The response should contain all of the data below, reproduced exactly, and no pictures.

__INFORMATION SUPPLIED__
········

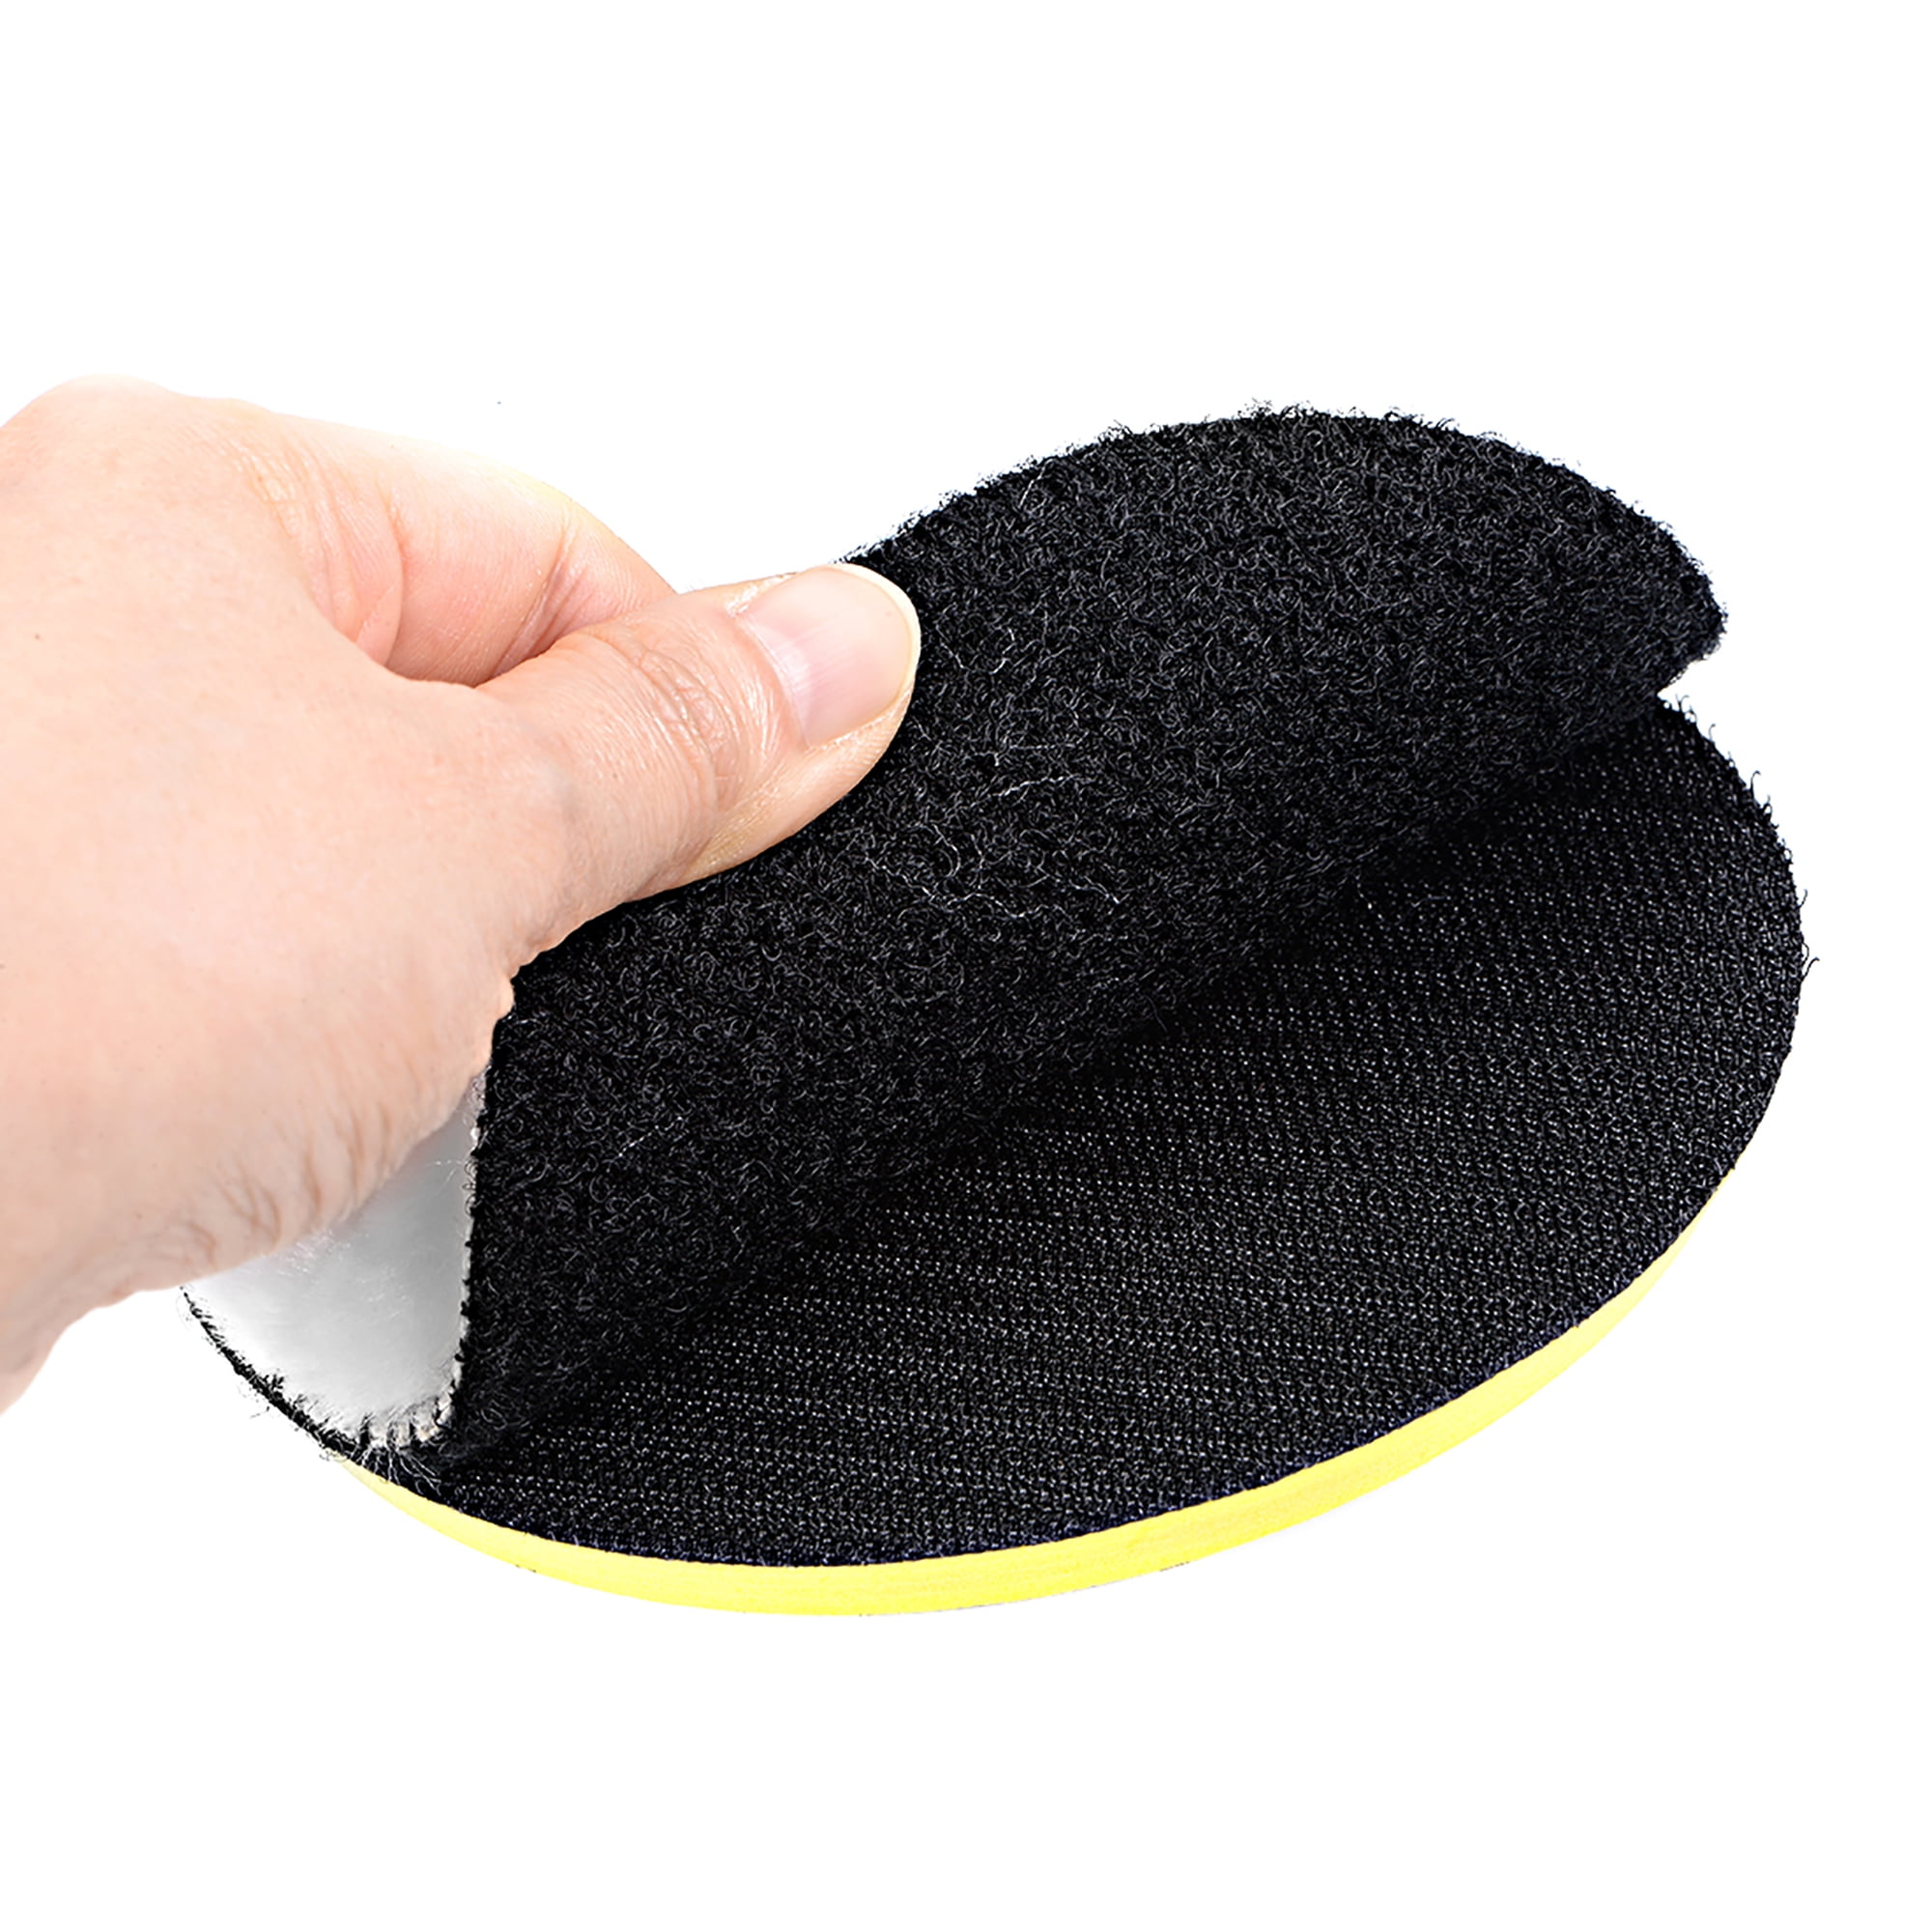 Furniture Glass and So On Inzoey Wool Polishing Pad 5 Inches Soft Sheepskin Buffing Pads with Hook and Loop Back Wool Cutting Pad for Car Pack of 2 
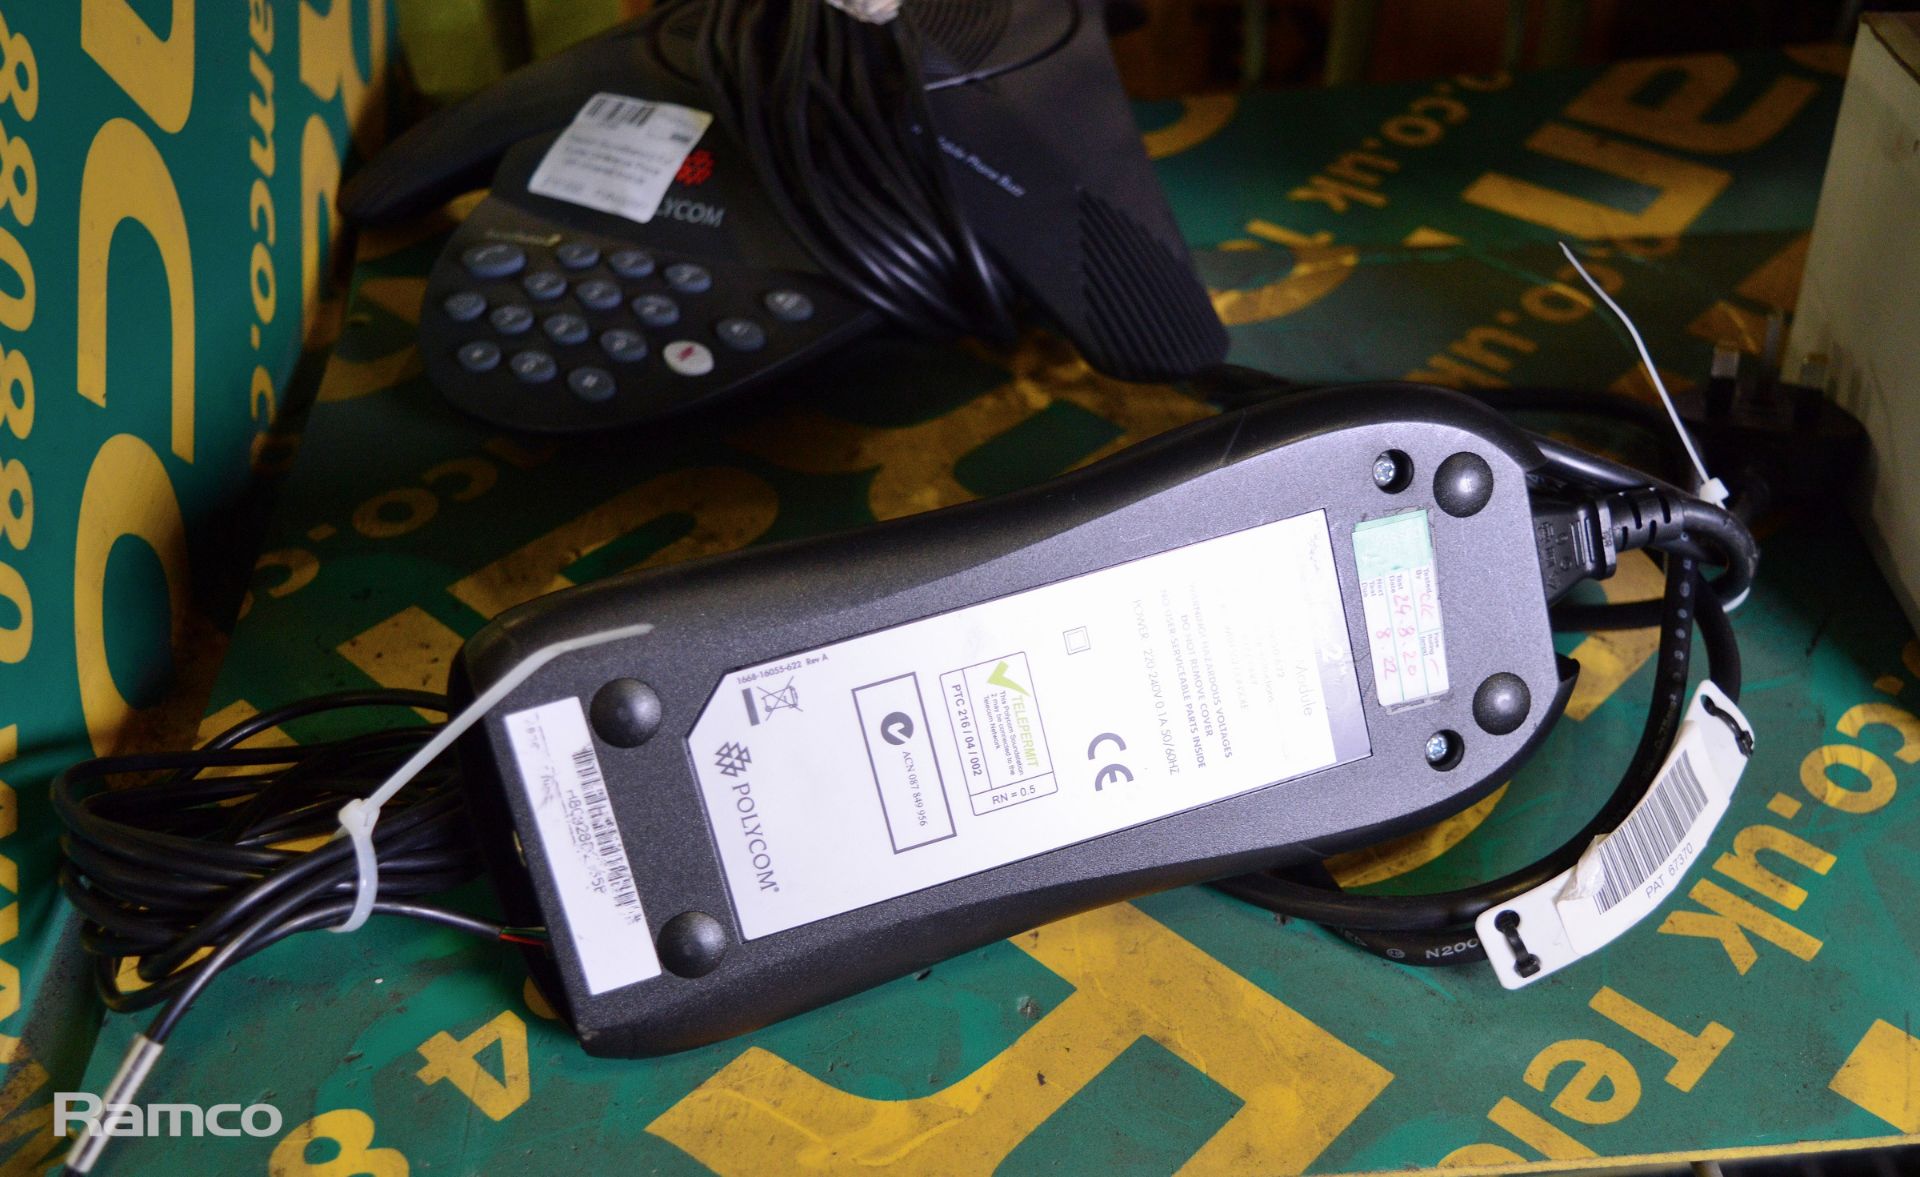 Optoma Projector in Black Textile Carry Bag & 2x Polycom SoundStation2 Full Duplex Conference Phone - Image 3 of 5
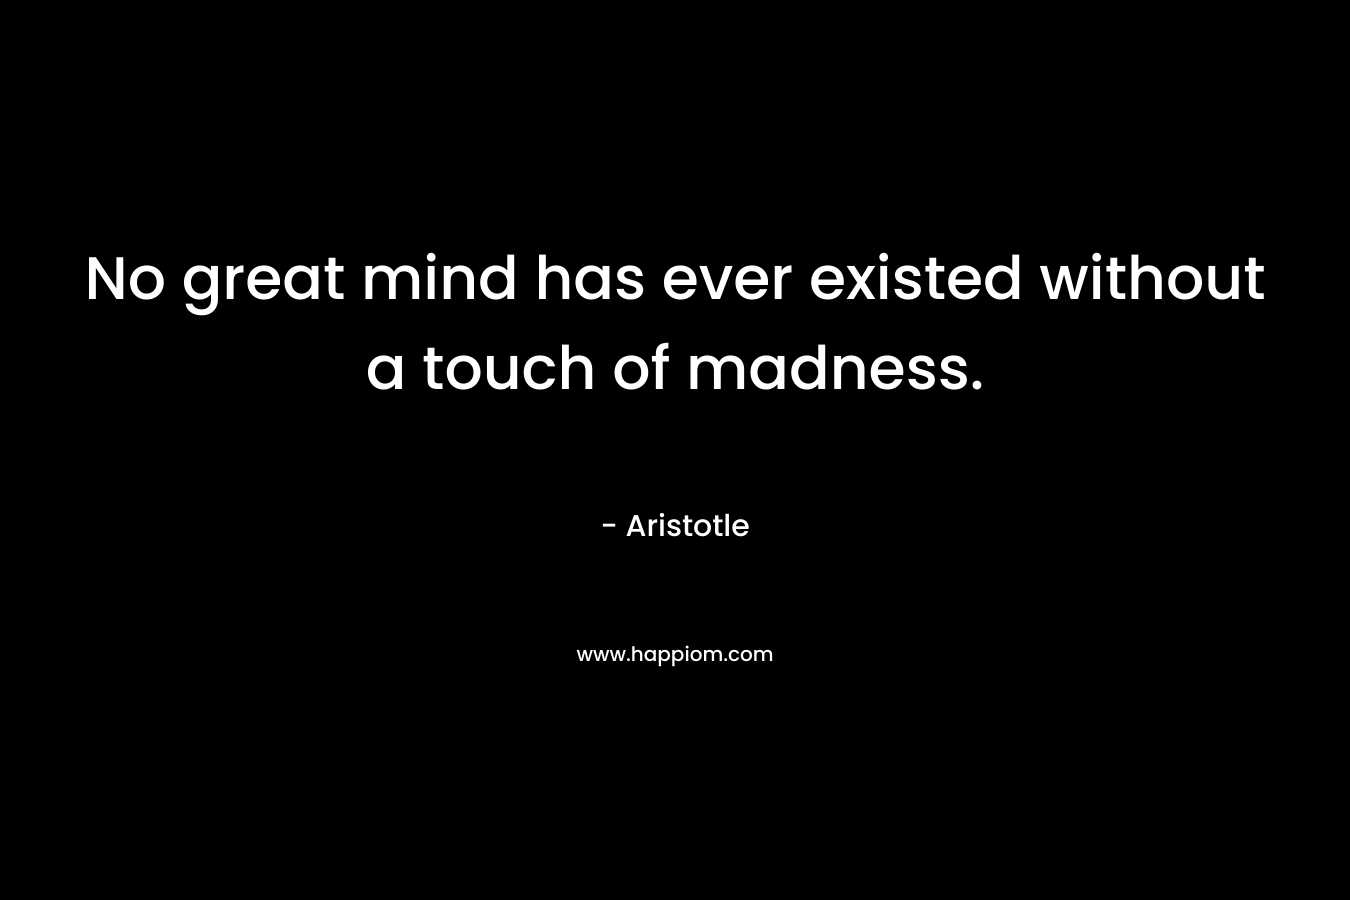 No great mind has ever existed without a touch of madness. – Aristotle

········

__EXPECTED OUTPUT__
 Furniture Glass and So On Inzoey Wool Polishing Pad 5 Inches Soft Sheepskin Buffing Pads with Hook and Loop Back Wool Cutting Pad for Car Pack of 2 
 Optoma Projector in Black Textile Carry Bag & 2x Polycom SoundStation2 Full Duplex Conference Phone - Image 3 of 5
 No great mind has ever existed without a touch of madness. – Aristotle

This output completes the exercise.